Introduction

Myocardial infarction (MI) is one of the leading causes of morbidity and mortality and threatens human health worldwide [1]. In spite of the therapeutic function of drugs such as adrenoceptor blockers, calcium antagonists and renin-angiotensin system inhibitors [2], the progression of MI and pathological remodeling are still irreversible. Recent studies agree on the fact that adult mammalian cardiomyocytes are able to regenerate but with a very limited efficacy [3]. This fact evokes further studies to discover novel drug candidates that aim to reduce pathological remodeling and stimulate cardiac regeneration.

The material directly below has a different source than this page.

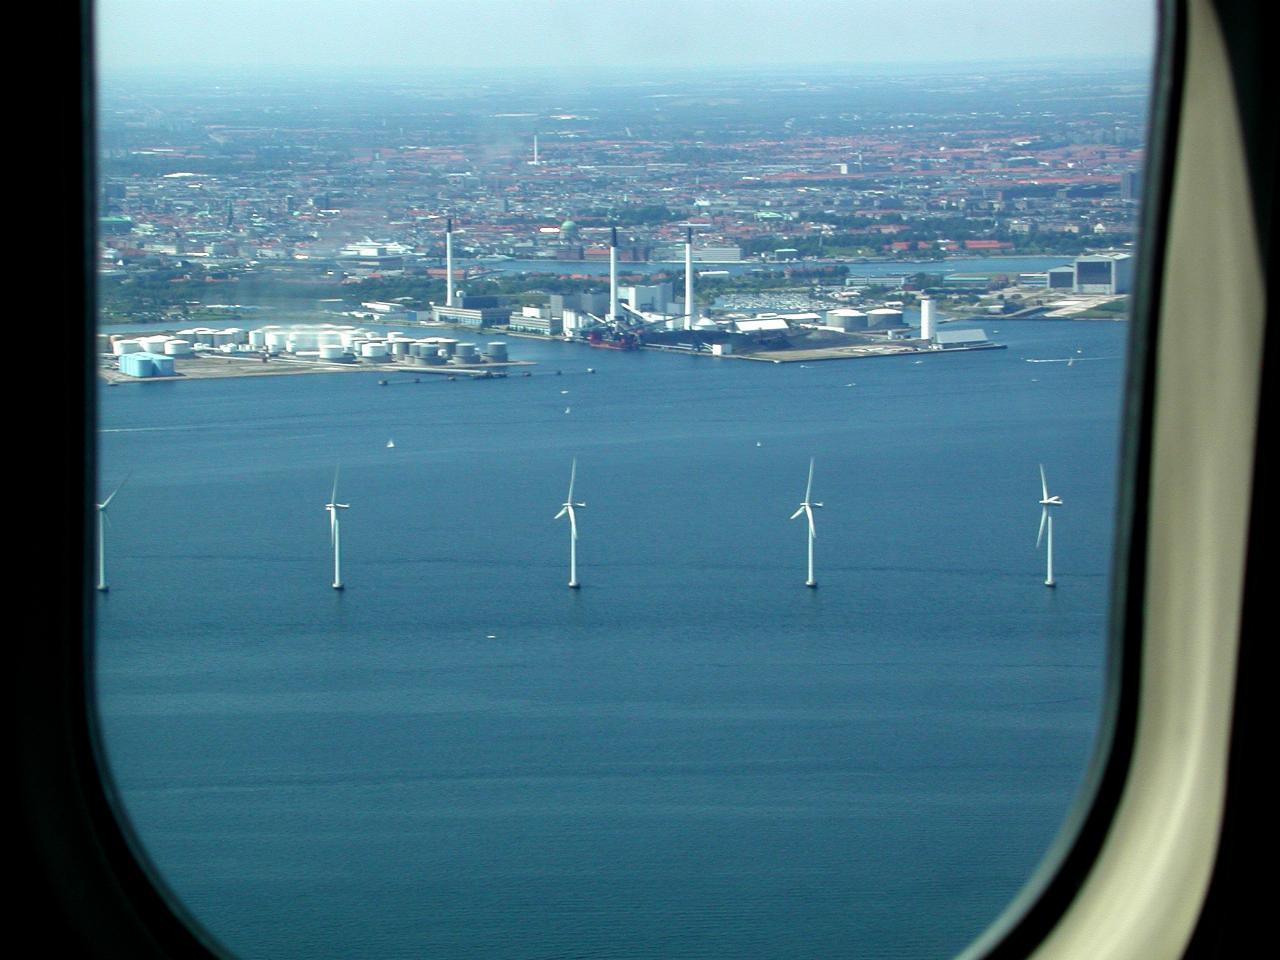 KPLU Viking Jazz: Copenhagen's windmill farm in the harbour

Wnt signaling pathways are essential in heart development and active in post-MI adult heart [4, 5]. Recent breakthroughs in the studies on the Wnt signaling pathways have revealed new points of intervention that may lead to novel drug targets for small molecular weight compounds. Wnt pathway inhibitors are primarily designed for the treatment of tumors and have been approved in clinical trials [6, 7]. The effect of Wnt pathway inhibitors in the field of cardiac protection has aroused sustained attention towards applying these inhibitors to treat MI [8,9,10]. In this review, we summarize the regulating mechanisms of Wnt signaling pathways in MI and the effects of Wnt pathway inhibitors against MI.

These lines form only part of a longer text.